Makes sense - but Shukla also emphasized the democratizing power of automation. Therefore, we need examples of employees having impact who are not RPA diehards. After all, aren't employees in a particular line of business the best ones to help automate those processes - and point to breakdowns? Shukla told me a story about an intern - an intern who saved their company a big chunk of change.

People are amazing - they are. But only if you take them on the journey, and share with them what this could do. They know so much about their world; they will take the charge forward, and create amazing things out of it. We see that every time  - an HR person created some unbelievable outcome out of it, or some intern created a bot that produced six million more in revenue. People find amazing ways to leverage automation and transform their business. That's the power of innovation, right? [That's why] automation shouldn't be limited to five people.

Intern details, please?

It was one customer that had a tiered pricing model. They used to change the tiered pricing based on every month, because you have to check systems and usage and whatnot. And the intern wrote a bot that will query in real-time every 15 minutes, and then update the pricing tier.

My take - automation maturity models needed

I've run out of space before I could even get to the problematic buzzword of hyperautomation. I also wanted to drill into what Avantra CEO John Appleby calls the "automation paradox" - when the exact people you need to drive automation through the organization are the ones in shortest supply. Shukla has interesting answers to both of these topics; now I have no choice but to do a follow-on piece. Why?
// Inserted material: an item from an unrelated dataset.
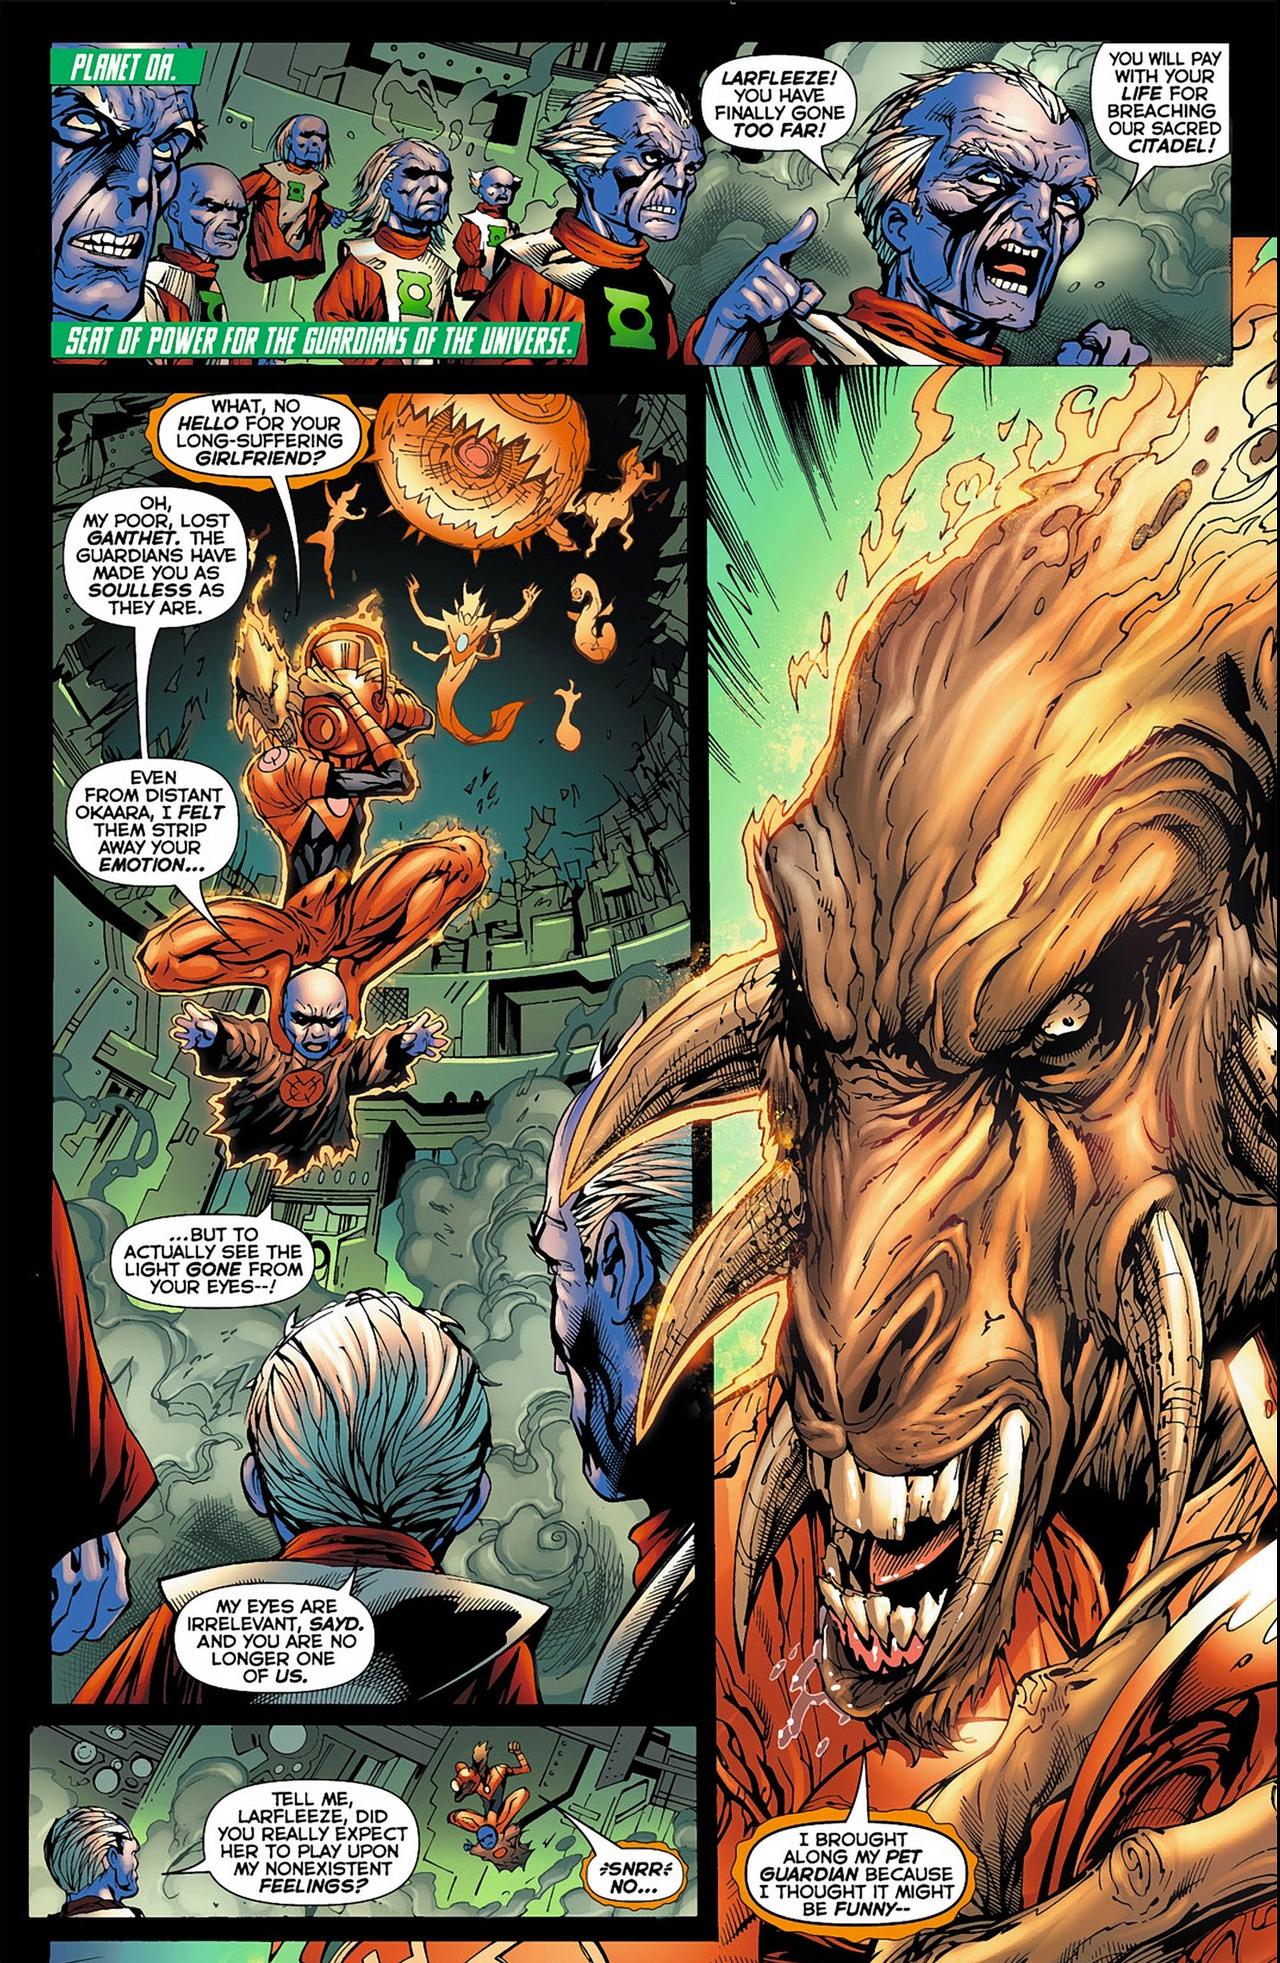 larfleeze vs the guardians of the universe

Because when I brought up the need for an automation maturity model, Shukla mentioned a new Automation Anywhere program called Pathfinder. Given that customers can get stuck with one-off automations that don't connect the process dots, I asked Shukla:  "If we just simplify this for a moment, and, and bracket customers into beginner, intermediate and advanced, where do your customers breakout between those three areas? He responded:

There are a few people who are in the advanced stages, and have hundreds of millions of dollars of benefits. And they've taken this to tens of thousands of their employees. So you have that segment, then many people are in the middle, where they began the journey two or three years ago, and they reached a certain scale, and are getting ready to transform across the organization. And there are still quite a few people who are at the beginning.

Shukla was candid about where some companies get stuck:

One challenge we see is in the automation market elsewhere: although 95% of people believe that automation is the path forward, and they're committed to the journey, only 13% of people have been able to scale.

Shukla and his colleagues don't want that to happen to their customers:

One of our value propositions is to drive automation success across all of our customers. And how do we do that? How do we help every customer scale and transform? One of the things that we introduced a few months ago is a program called Pathfinder. Pathfinder is a well-defined path of seven missions. When followed, it creates a very deliberate, well-defined path for every customer to succeed on this automation scale journey. 13% is not acceptable. Every customer must succeed with automation.

I'll do a walk through of the Pathfinder program, and let you know what I think. That's a good stopping point for now. Though I do have a request for Shukla: can we solve automation for real estate and car purchases? If that happens, maybe I'll become an unlikely evangelist for intelligent automation. Oh - and as I joked to Shukla: I hope that intern got a full-time job.

Updated 8am ET, January 13, with a number of small corrections for reading clarity that didn't make it into my original copy for some unknown reason. Also updated January 17, 8:00 pm with an important clarification on Pathfinder to more accurately explain what the program is.